# Sawyer/Geddy Vids...



## Lego&Jacub (Jul 18, 2006)

At long last I have finally uploaded a couple vids of the kids at play :


----------



## Kzwicker (Aug 14, 2007)

Looks like Geddy got her butt kicked! Very cute videos.. they are both so cute!


----------



## Lego&Jacub (Jul 18, 2006)

Can you tell Geddy is a Pushover hahaha!!!!


----------



## ID_Hannah (Jun 8, 2006)

Ahh, gosh they're soo cute together. Just wait until Sawyer has tripled in size, then Geddy will really have her hands full occupying her "little" brother!  Right now she looks like the perfect puppy-sitter.


----------



## missmarstar (Jul 22, 2007)

awww you can tell they love eachother so much already!!! i love how geddy lets her lil brother "win" the wrestling matches


----------



## Lego&Jacub (Jul 18, 2006)

LOL... That's what we keep telling her Hannah!!! And yes ABSOLUTELY... Geddy is our wonderful baby-girl.
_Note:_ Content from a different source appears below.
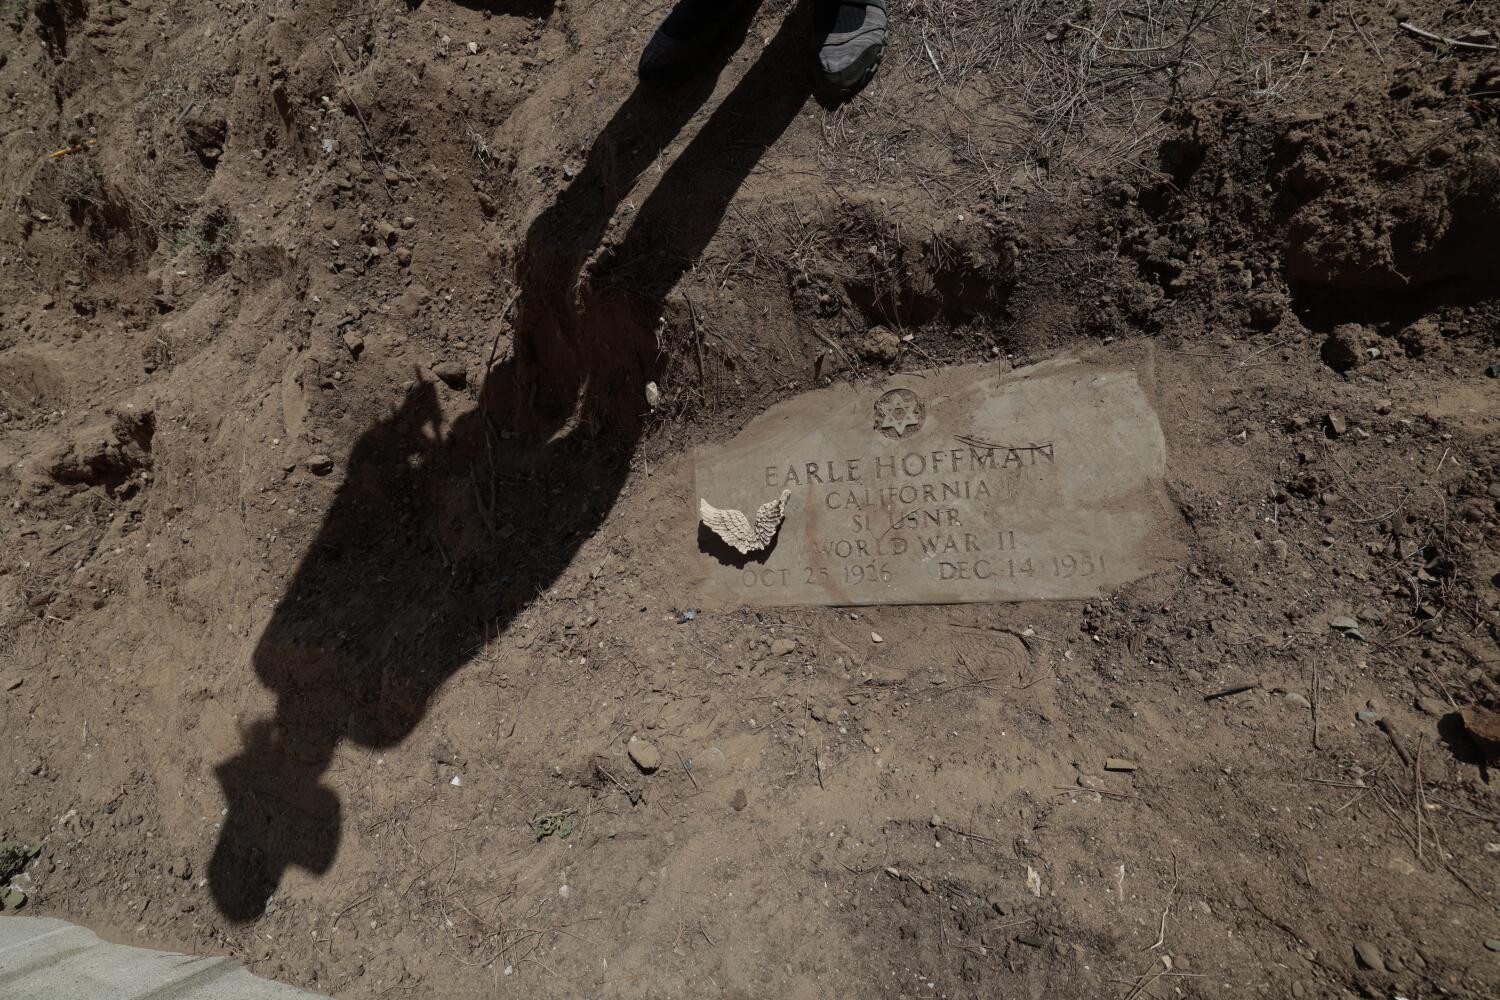 Hidden grave marker uncovered in Lawndale backyard could derail Metro C Line extension plans

They could go like that all day I think


----------



## Lego&Jacub (Jul 18, 2006)

missmarstar said:


> awww you can tell they love eachother so much already!!! i love how geddy lets her lil brother "win" the wrestling matches


She does... she lets him win almost every time... unless there is a toy in volved :


----------



## FranH (May 8, 2005)

OMG....tooooo cute

Geddy is such a good girl!


----------



## Lego&Jacub (Jul 18, 2006)

::: swelling with pride ::: Thanks Fran!!! =)


----------



## Heidi36oh (Feb 27, 2007)

That's to cute, great video's








​Fuzzy Butt's​


----------



## Lego&Jacub (Jul 18, 2006)

Thanks Heidi :wavey:


----------



## Oaklys Dad (Dec 28, 2005)

Geddy makes such a great big brother to Sawyer. They look like they have a great time together. You are really gonna turn some heads walking those to handsome boys down the street.


----------



## HuntersMomma (Sep 25, 2007)

aaaaaawwwwwwwwww don't ya just love when the big dog's play with the lil one's and they become lil babys again themselves..


----------



## Lego&Jacub (Jul 18, 2006)

Thanks guys... Geddy is a really sweet girl to her little boy!!!


----------



## BeauShel (May 20, 2007)

It is nice that Geddy lets Sawyer win the wrestling matches right now. Just wait til Sawyer gets big, Geddy is going going to kick his butt. She is such a nice big sister.


----------



## Lego&Jacub (Jul 18, 2006)

Thanks Carol... I am definitely proud of my girl!!!!!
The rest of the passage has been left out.